What is being asked :: Your task is to copy the lines from the line containing "Classic Polo Mens" through the end of the listing below, both included, without any pictures.

Supplied information ::
▽
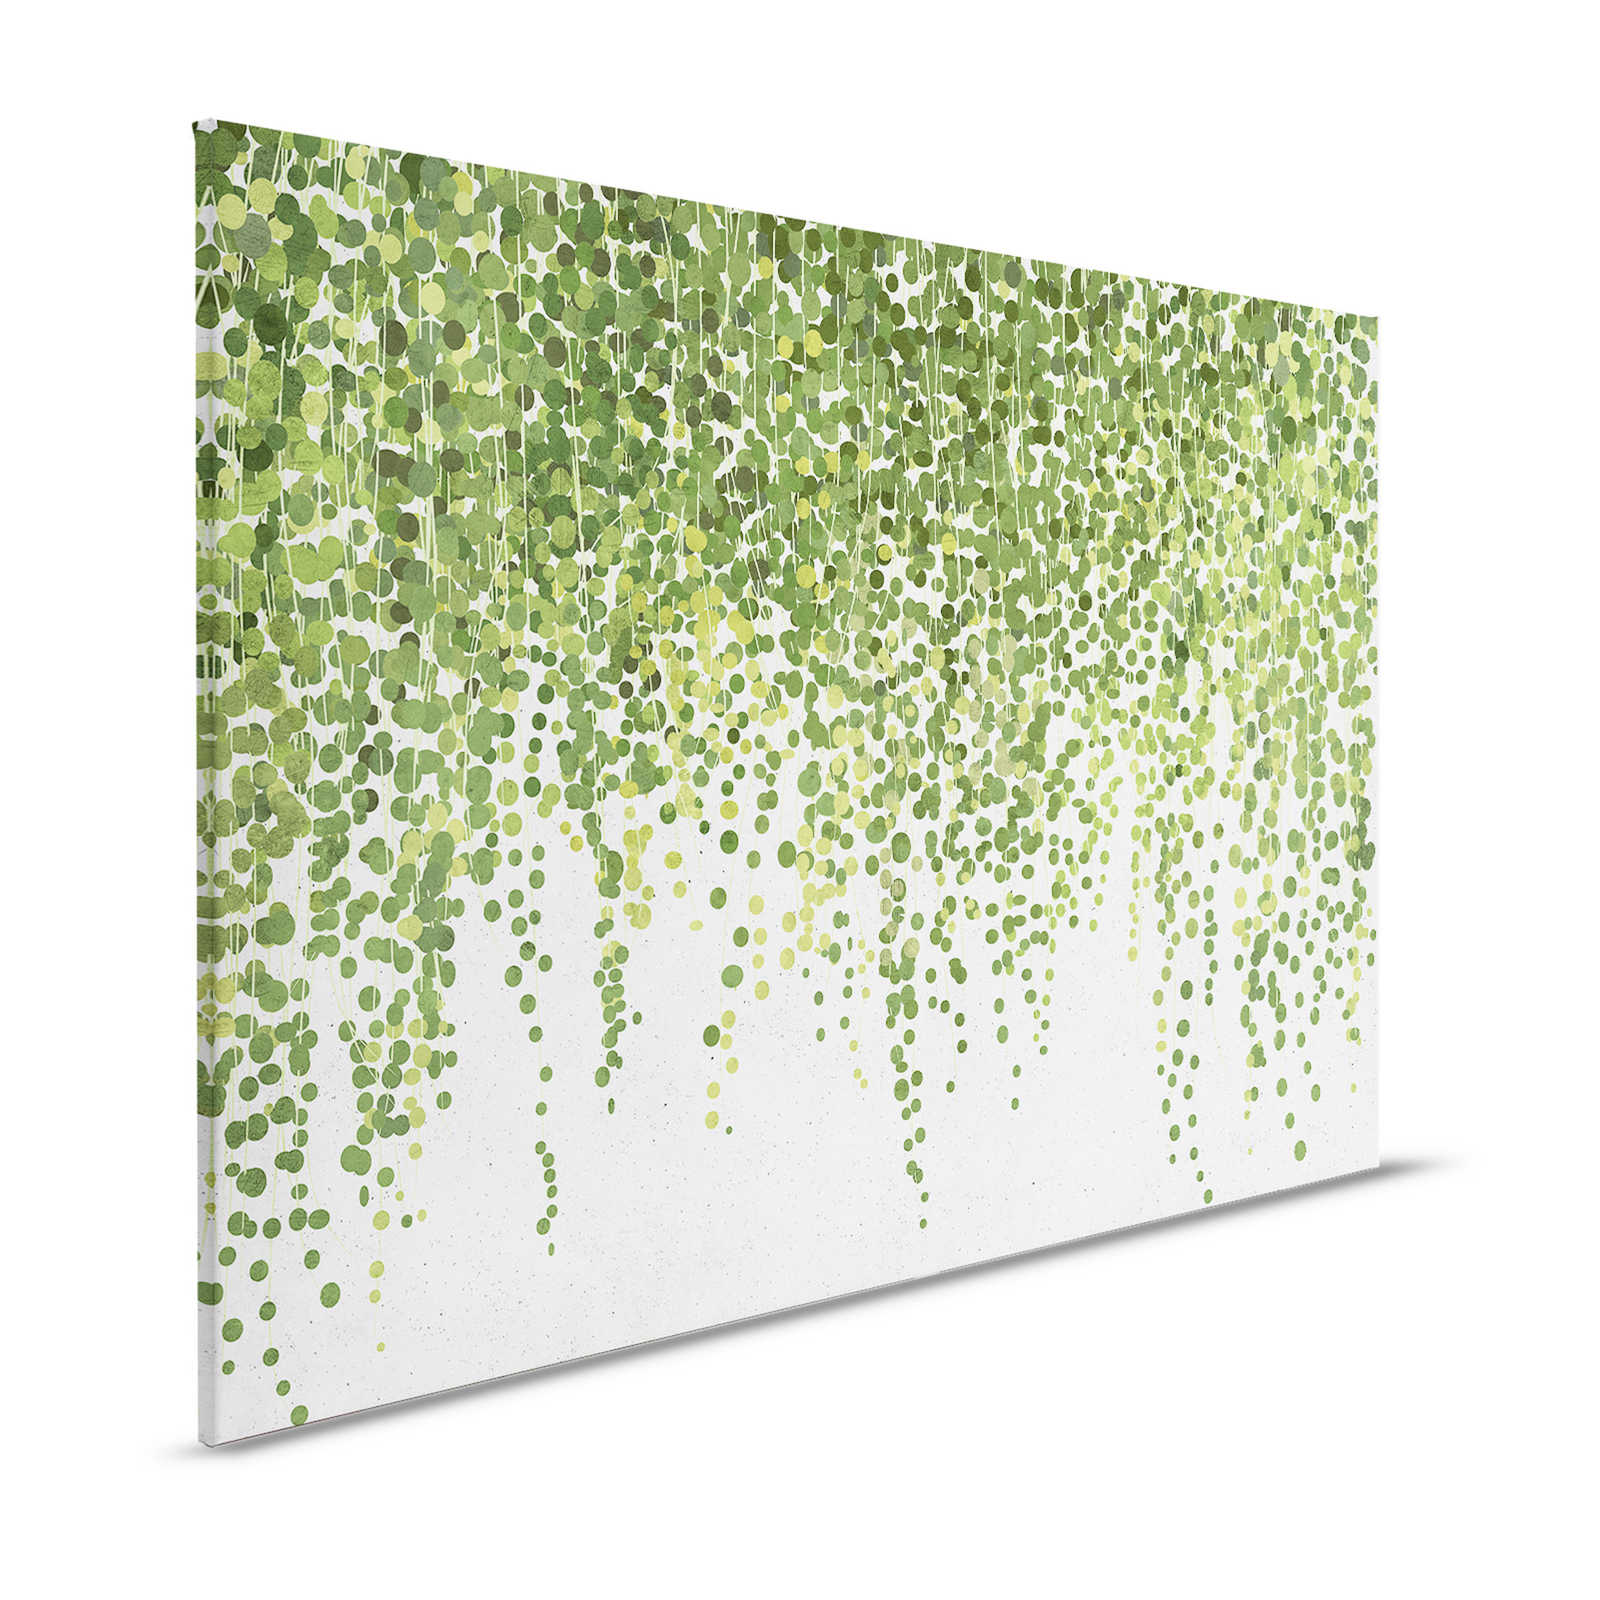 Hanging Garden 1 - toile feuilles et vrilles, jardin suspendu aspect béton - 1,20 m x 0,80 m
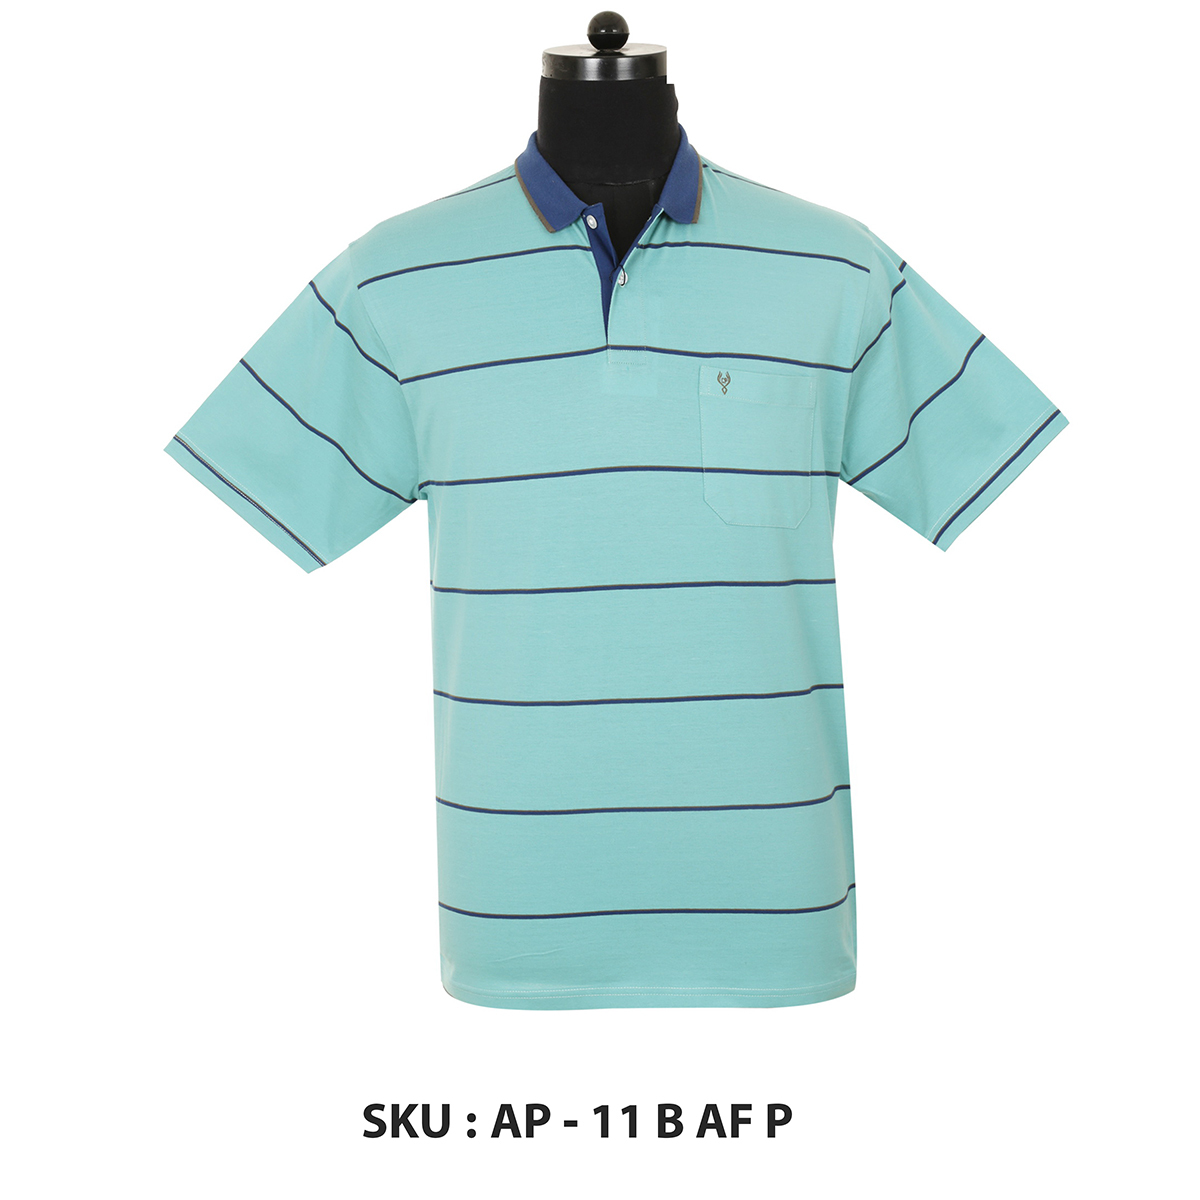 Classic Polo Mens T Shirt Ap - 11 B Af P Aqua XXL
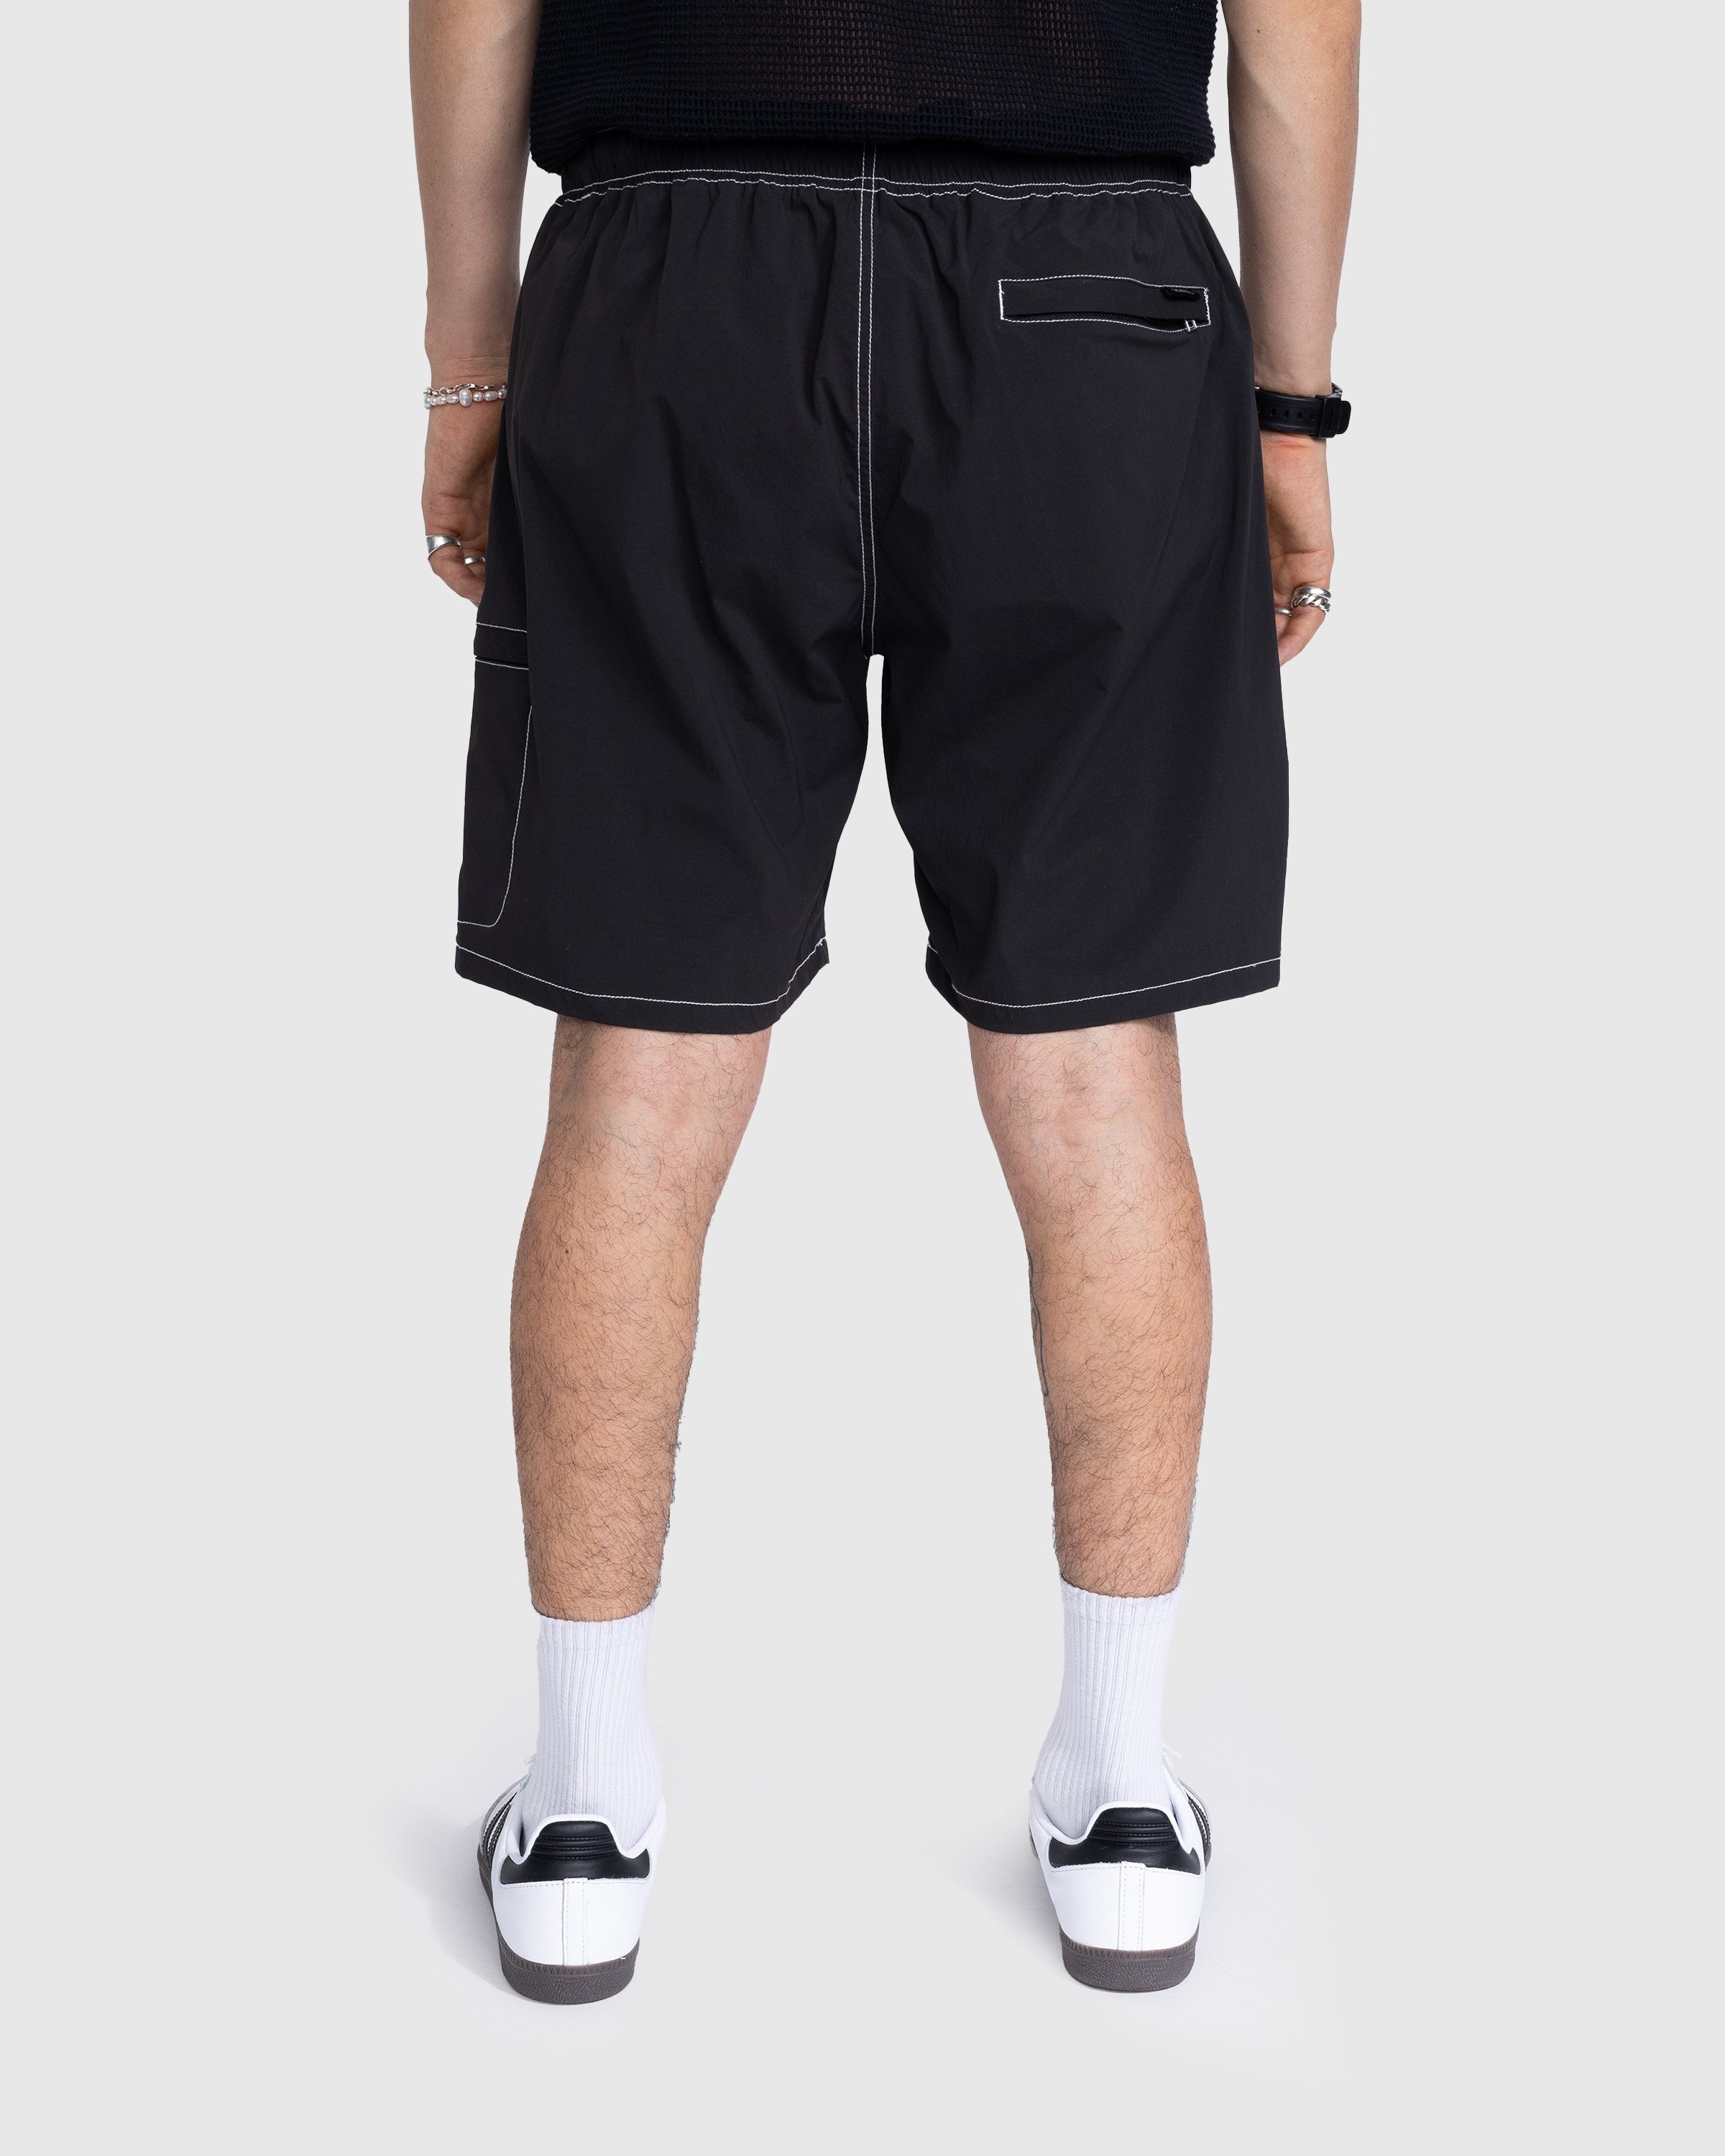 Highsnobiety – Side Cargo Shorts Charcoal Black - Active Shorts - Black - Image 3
△
Answer section ::
 Classic Polo Mens T Shirt Ap - 11 B Af P Aqua XXL
 Highsnobiety – Side Cargo Shorts Charcoal Black - Active Shorts - Black - Image 3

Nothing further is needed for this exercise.